Reputation: 13
I am trying to scrape vertically pages that are following a simple rule in the html direction:
They have /MLA#### or /MLA-#### (# as random numbers)
The problem is that with the following code scrapy only detects me as good the pages with /MLA-#### name when a /MLA#### or /####MLA### page appears my scrapy code doesn't work and the scraping is wrong
rules = (Rule(LinkExtractor(allow=r'/_Desde_'), follow=True),
Rule(LinkExtractor(allow='/'+'MLA'), follow=True, callback='parse_items'))
Previously it was as it follows:
rules = (Rule(LinkExtractor(allow=r'/_Desde_'), follow=True),
Rule(LinkExtractor(allow=r'/MLA'), follow=True, callback='parse_items'))
So how can I say to my code: I want to scrapy all the links that contain MLA no matter what is preceeding or following the words.

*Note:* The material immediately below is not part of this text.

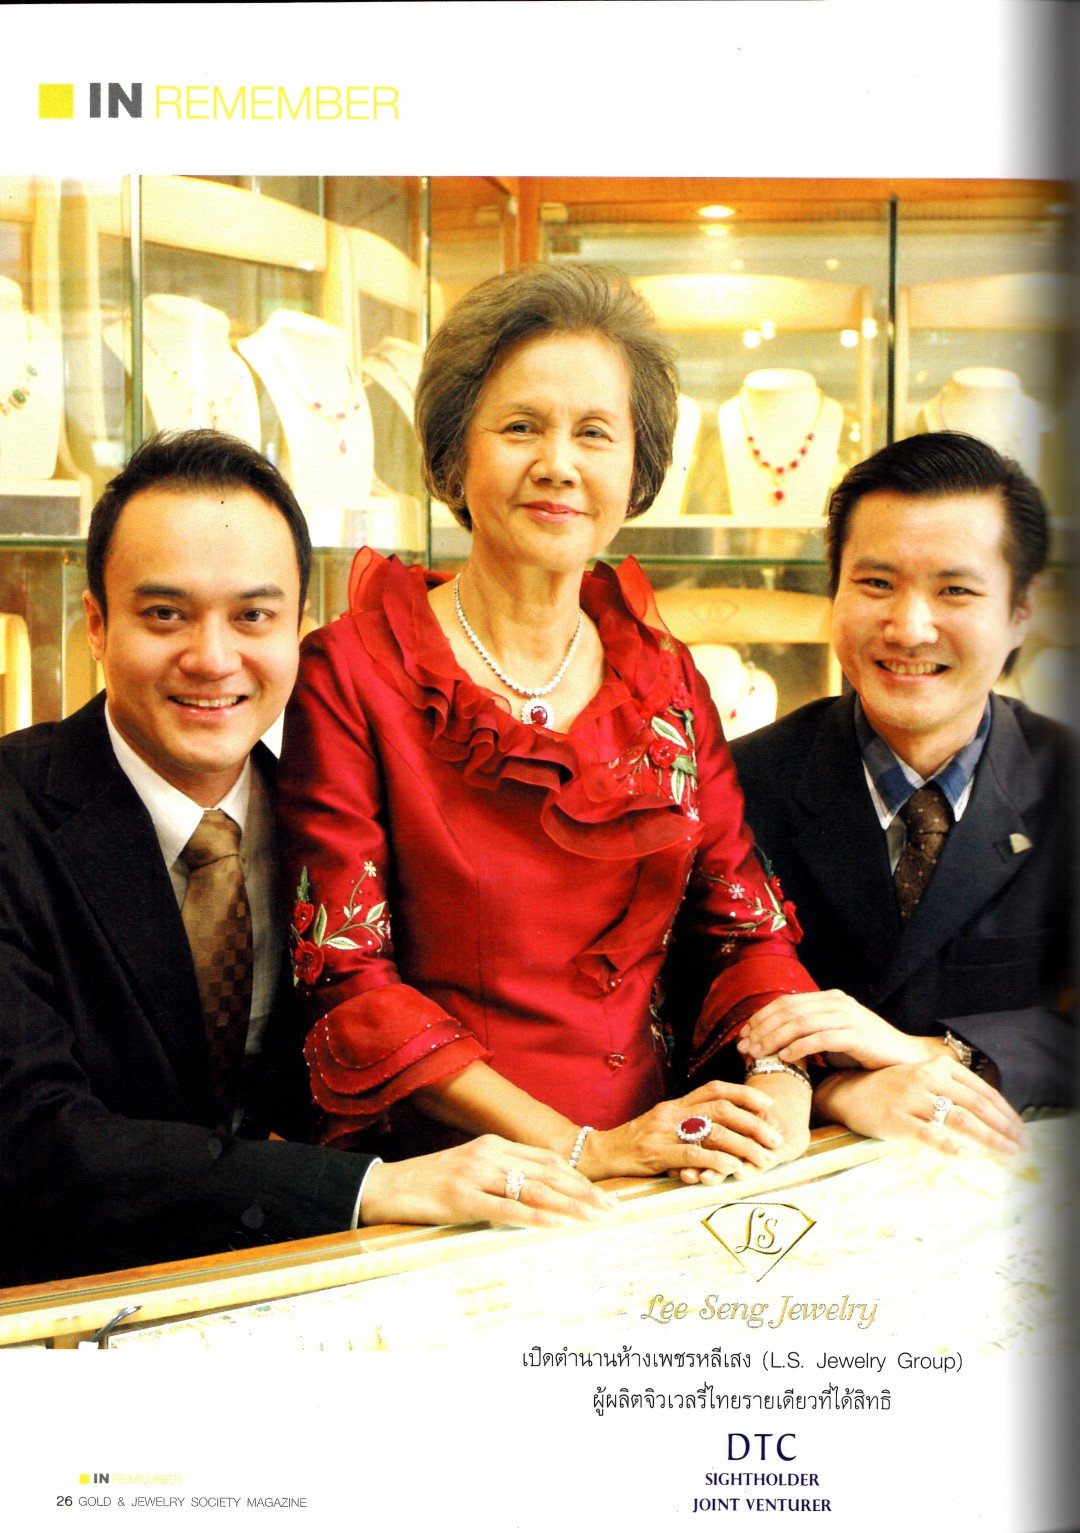 สัมภาษณ์พิเศษ Lee Seng Jewelry ในนิตยสาร Gold & Jewelry Society ประจำเดือนพฤษภาคม - มิถุนายน 2015

Thanks for you comments, Regards
Upvotes: 0
Views: 54
Reputation: 1445
in fact '/' + 'MLA'
is totally equal to '/MLA'
(: it's about string concatenation. What you need is couple of regular expressions.
I think Rule(LinkExtractor(allow=[r'\d+MLA', r'MLA-\d+'], follow=True, callback='parse_items')
will work for you. Take a read on regular expressions - it's a must for scraping. In this case everything is quite simple: we have MLA and /d+
which stands for one or more digits.
Good luck.
Upvotes: 1